Problem: Please reproduce the data exactly, excluding any pictures it contains.
START Data section
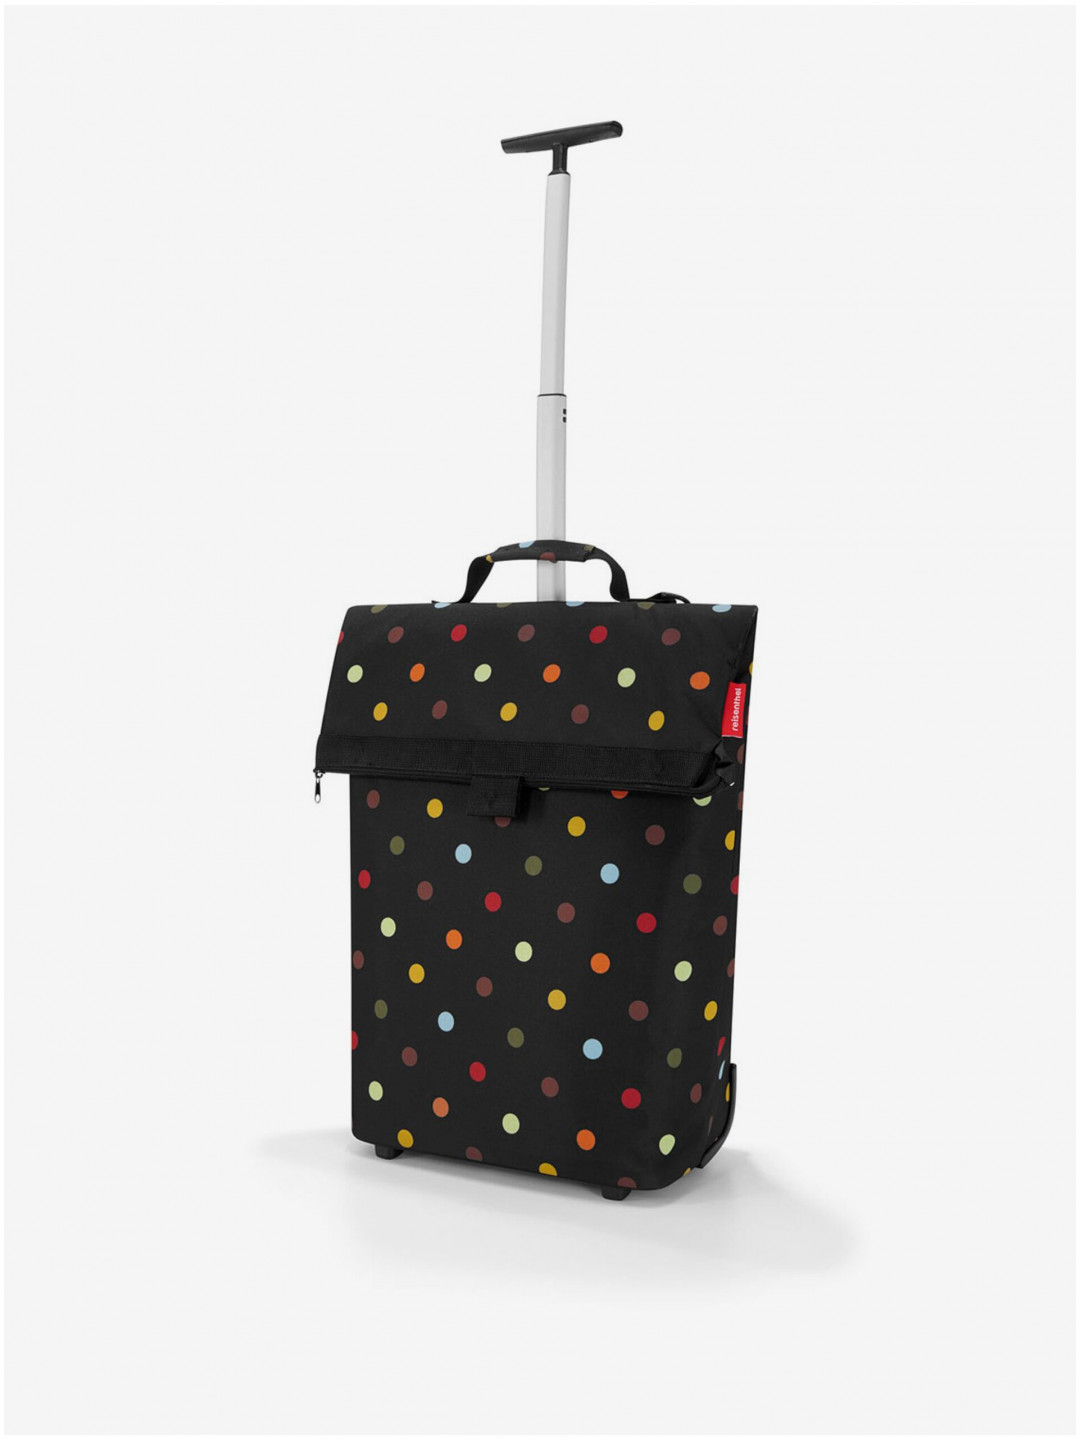 Černá dámská cestovní taška s puntíky Reisenthel Trolley M Dots
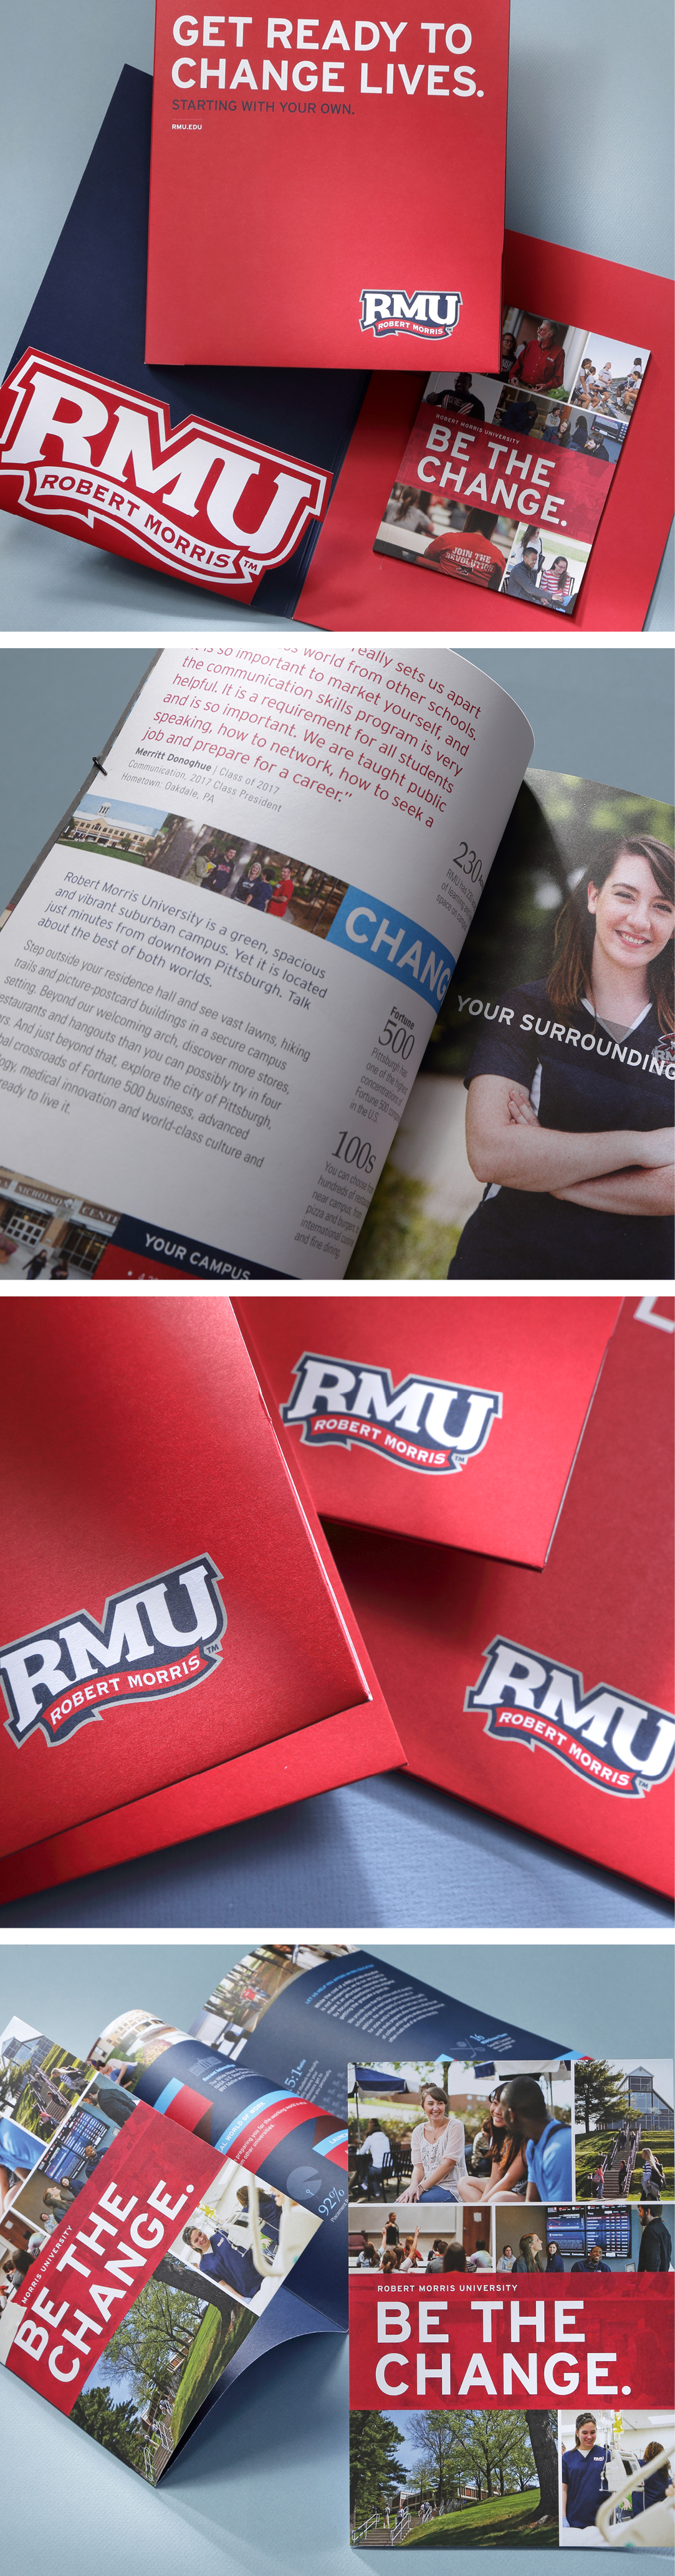 Robert Morris University Marketing Brochures
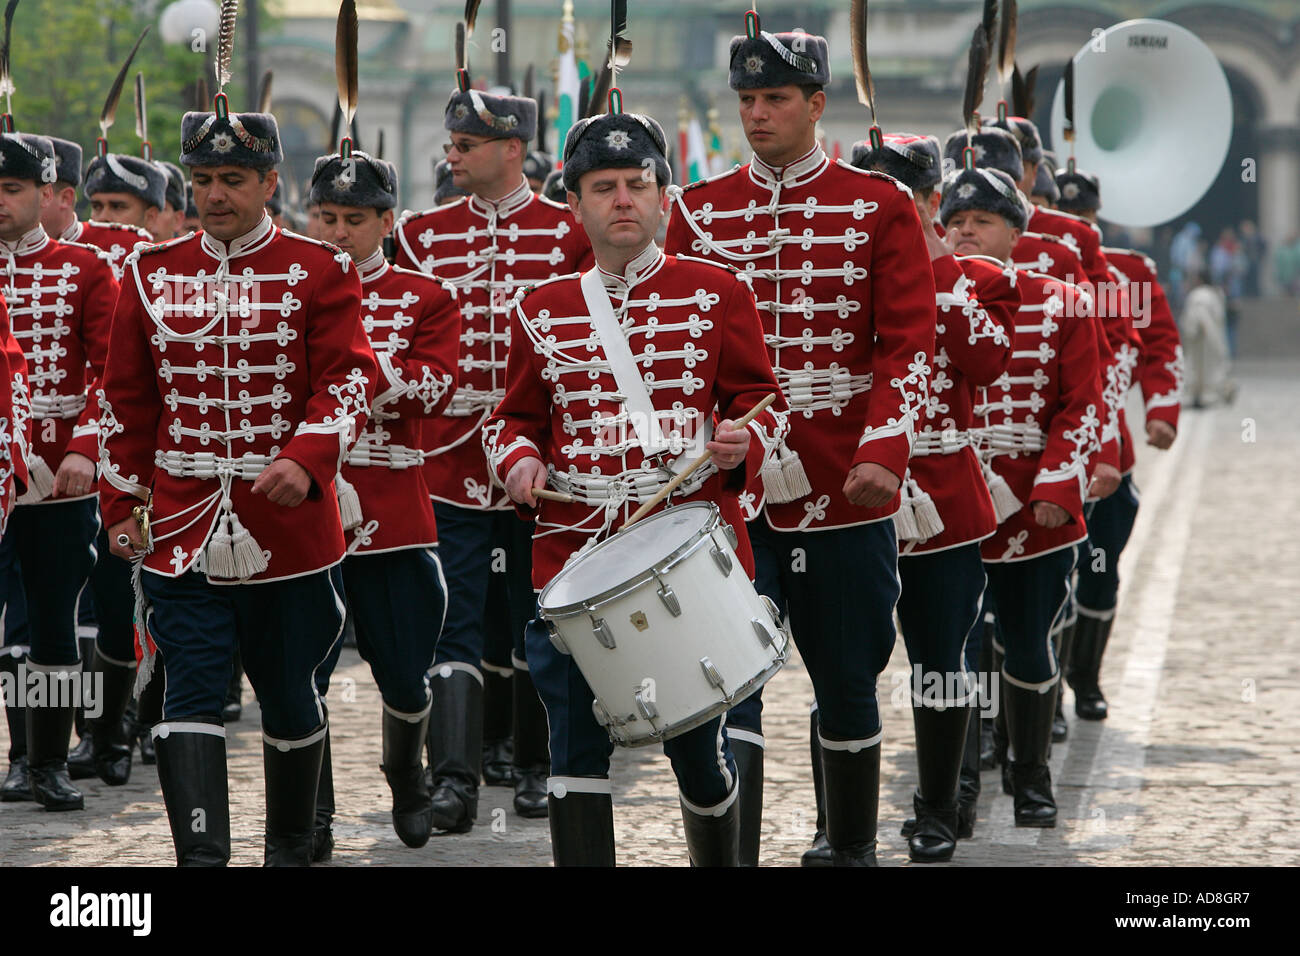 Jugar brass band ceremonias ceremonia musical instrumentos musicales entretienen a golpe de sonido guardias marzo en el paso en el desfile militar Foto de stock
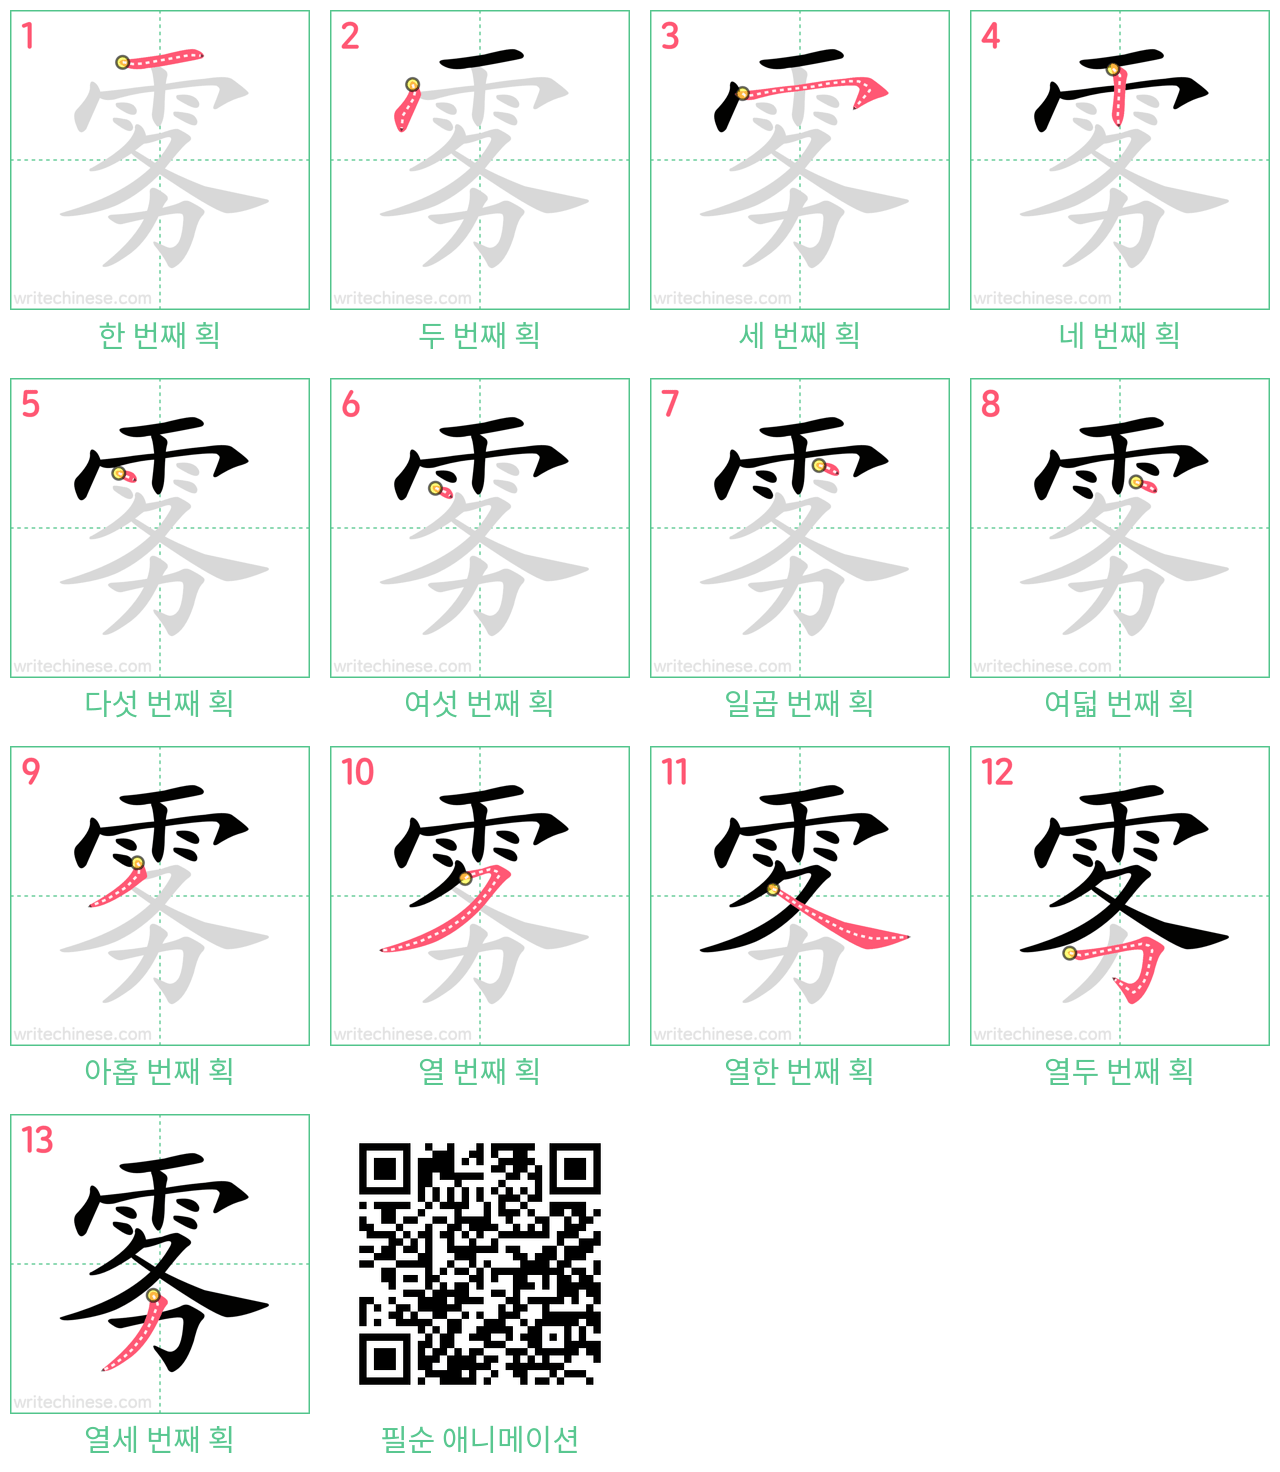 雾 step-by-step stroke order diagrams
END Data section
Answer space:
 Černá dámská cestovní taška s puntíky Reisenthel Trolley M Dots
 Robert Morris University Marketing Brochures
 Jugar brass band ceremonias ceremonia musical instrumentos musicales entretienen a golpe de sonido guardias marzo en el paso en el desfile militar Foto de stock
 雾 step-by-step stroke order diagrams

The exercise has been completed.